Load Data for Machine Learning in Spark

Asked Sep 05 '17 at 07:31

Active Sep 05 '17 at 07:31

Viewed 78 times

I have a dataset where I want to perform some supervised task (regression, decision tree). The dataset is here: http://archive.ics.uci.edu/ml/datasets/Statlog+%28German+Credit+Data%29

The data are in plain text file in the format

Data1 Data2 Data3 .....

I checked the Spark Mlib tutorials from https://spark.apache.org/docs/latest/mllib-decision-tree.html and they used data in libSVM format so they used loadLibSVMFile function.

My question is this: now that I don't have this format how can I load the data and pass the labels for the variables.

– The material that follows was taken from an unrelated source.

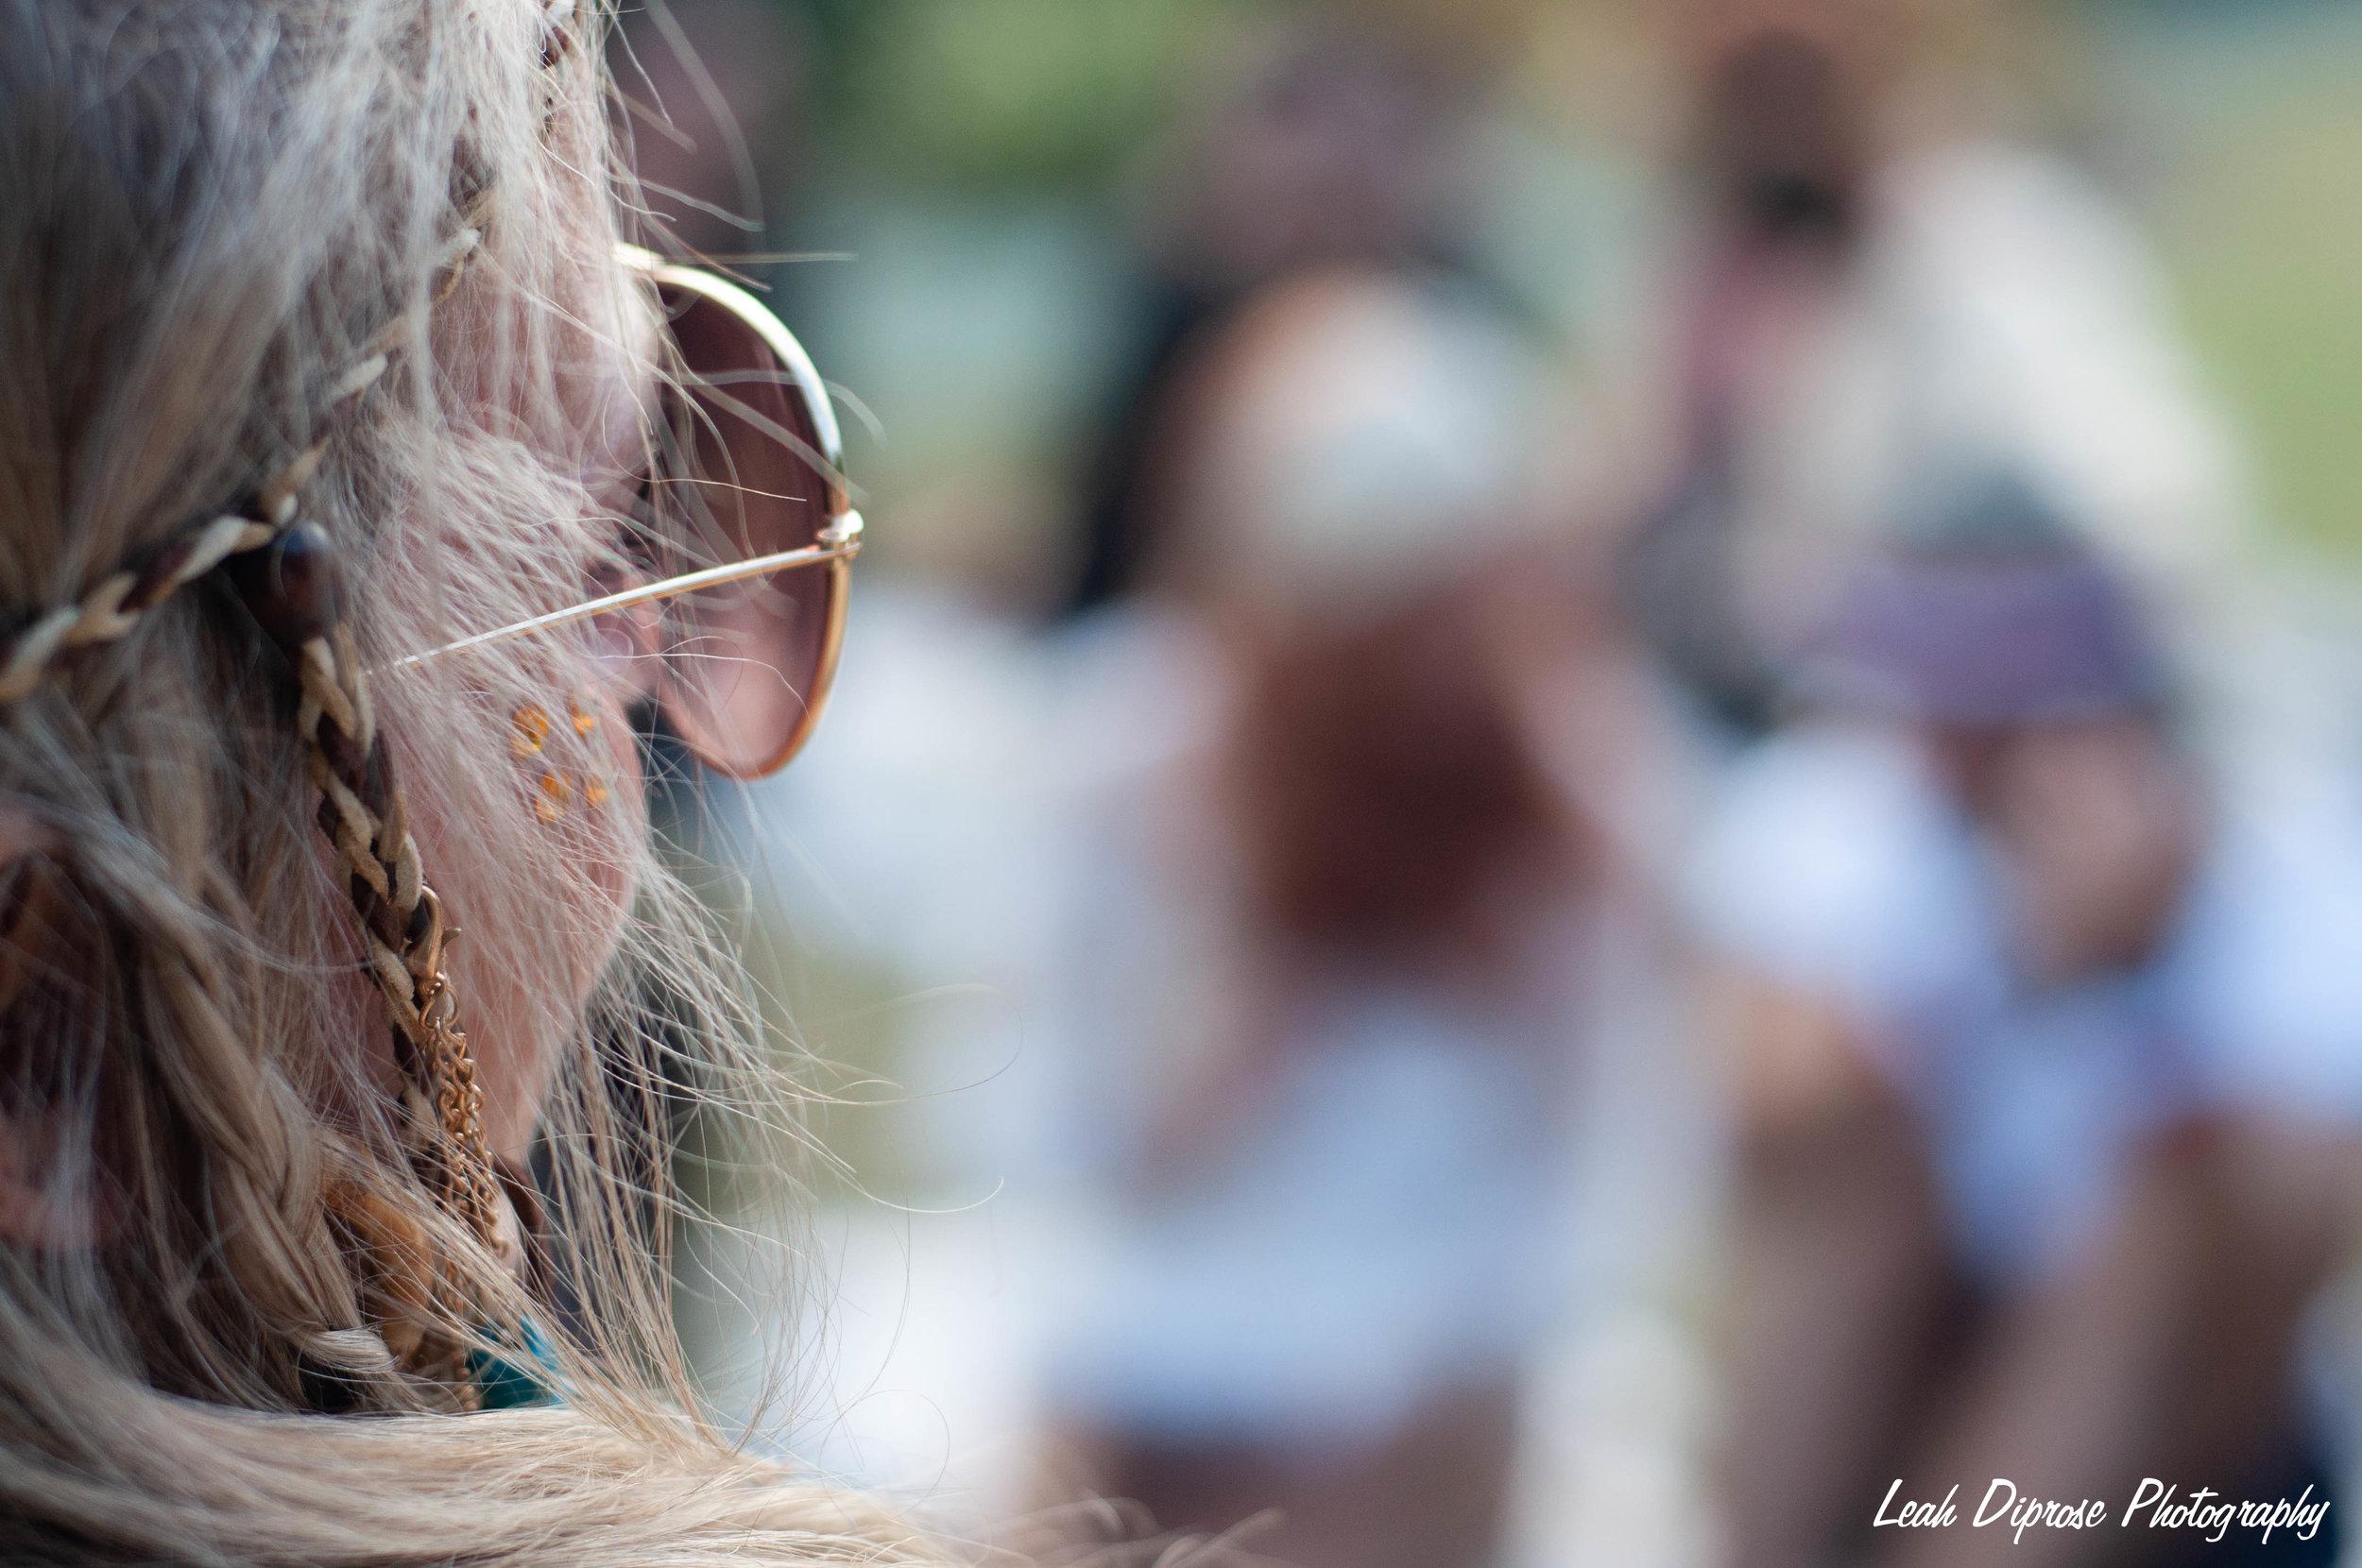 Leah Diprose Photography image-9932.jpg

Which method should I use?

Thanks in advance

asked Sep 05 '17 at 07:31

Michail N

please look at https://stackoverflow.com/questions/29829531/making-an-input-text-file-as-a-training-data-set-in-libsvm and http://www.csie.ntu.edu.tw/~cjlin/libshorttext/doc/converter.html – Ramesh Maharjan Sep 05 '17 at 08:41
I can't do it natively with scala? – Michail N Sep 05 '17 at 08:44
1

check https://stackoverflow.com/questions/41416291/how-to-prepare-data-into-a-libsvm-format-from-dataframe – Ramesh Maharjan Sep 05 '17 at 08:47
thnx that is helpful indeed – Michail N Sep 05 '17 at 08:53

0 Answers0